In the second step, it was investigated whether the localization accuracy improves if proprioception and the hearing sense are used in combination. Thus, the test persons perceived their own movements, \(\overrightarrow{m}_\mathrm{0 }\) ... \(\overrightarrow{m}_\mathrm{n }\), but also the acoustic signals \(s_{02}\) ... \(s_\mathrm{n2 }\). As a result, they perceived the bimodal events \(h_0\) ... \(h_\mathrm n \). The experimental results of the main study demonstrated that the abovementioned proprioceptive localization inaccuracy was reduced significantly. Proprioception can be guided if additional spatial auditory cues are provided and, thus, the localization performance can be improved. Significant effects were found concerning the localization errors in forward-backward direction and also in lateral direction when whole arm movements were provoked. The resulting errors in the three-dimensional workspace were overall decreased by approximately 30 %.

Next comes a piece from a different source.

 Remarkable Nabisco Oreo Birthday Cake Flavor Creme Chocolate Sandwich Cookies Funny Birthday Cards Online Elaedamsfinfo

It is important to mention that the localization accuracy was investigated in a haptic workspace that was slightly smaller than a shoe box. Because it is generally accepted that proprioceptive accuracy depends on the degree to which whole arm movements are involved in the exploration process, proprioceptive localization performance might be worse in larger workspaces. In such workspaces, the positive influence of auditory localization cues may be even stronger. This hypothesis should be investigated in future studies. Furthermore, it would be quite useful to investigate to which extent the localization performance in vertical direction can be improved, for example, if individualized HRTFs are used for the spatialization.

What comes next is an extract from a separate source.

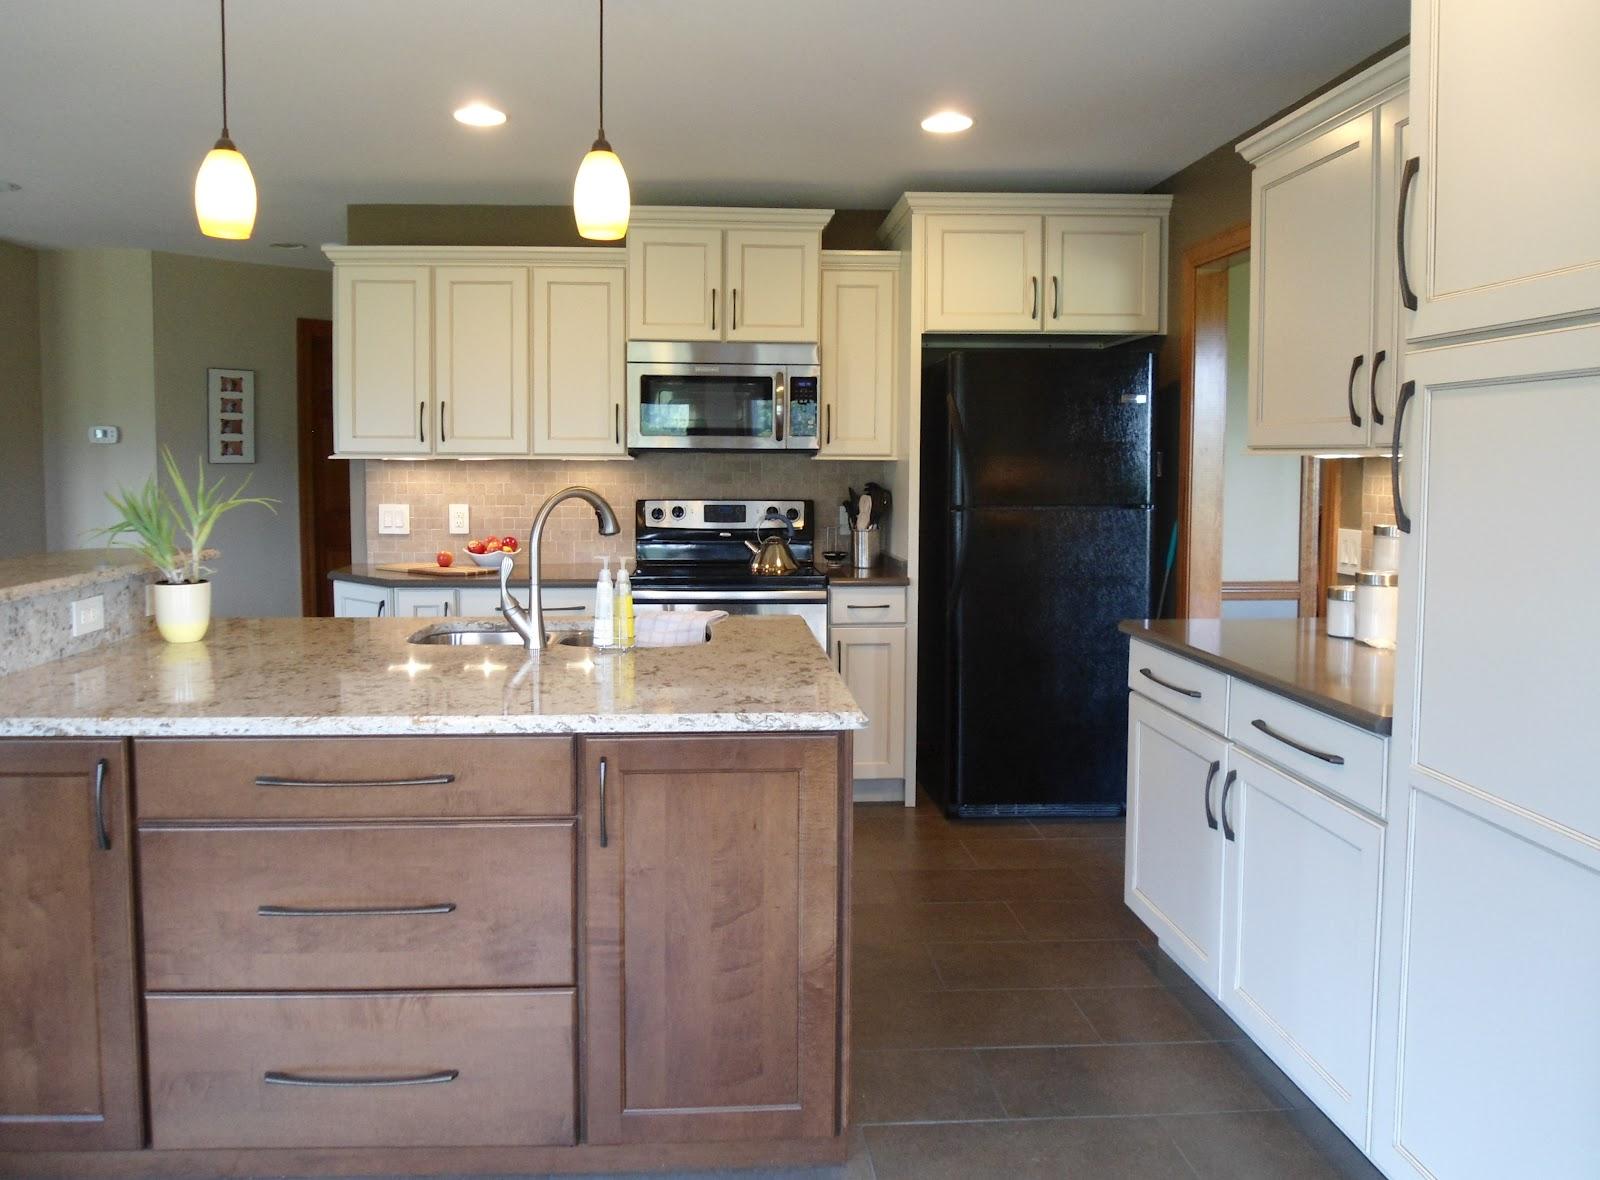 Lowe's Kitchen Cabinets

In conclusion, the experimental results clearly show that synthetically generated auditory localization signals are considered in the localization process and can even guide human proprioceptive localization within workspaces directly in front of the human body. The auditory and proprioceptive information is combined in such a way that the resulting localization error is minimized. As described in the introductory part, a similar effect was also observed during audio–visual localization. However, audio–visual interaction involves hearing and vision that both belong to exteroception by which one perceives the outside world. During binaural–proprioceptive localization, hearing and proprioception are involved and, thus, exteroception and interoception are combined. This combination was not investigated before as far as efficient integration of bimodal sensory signals within the given context is concerned.

If auditory localization signals can guide human proprioceptive localization, as it is described in this chapter, then binaural models can also help to model the corresponding bimodal integration process, for example, the model mimicking the localization of an elevated sound source out of [3], this volume. To build a reliable computational model, of course, deep knowledge is required. That is the reason why the complex proprioceptive localization process and bimodal integration have to be studied in more detail. Furthermore, existing binaural models have to be extended, for example, to handle distance cues. New fields of applications will profit of a binaural-proprioceptive localization model. For example, such a model might help to simulate how an audio reproduction system has to be designed to guide proprioception and, thus, optimize bimodal localization accuracy within an arbitrary haptic workspace size directly in front of the human body. Thus, practical relevance exists especially for virtual environments in which the reproduction of acoustic signals can be directly controlled and the localization accuracy can be consciously influenced. Furthermore, simulations of such a model may help to reproduce suitable auditory localization signals to diminish erroneous proprioceptive space perception, for example, the radial-tangential illusion, and thus to further sharpen human precision by auditorily calibrating proprioception.

These examples make obvious, finally, that the field of possible applications of binaural models is not limited to audio-only or audio-visual scenes. The increasingly important field of virtual haptic interaction will also profit from binaural modeling algorithms.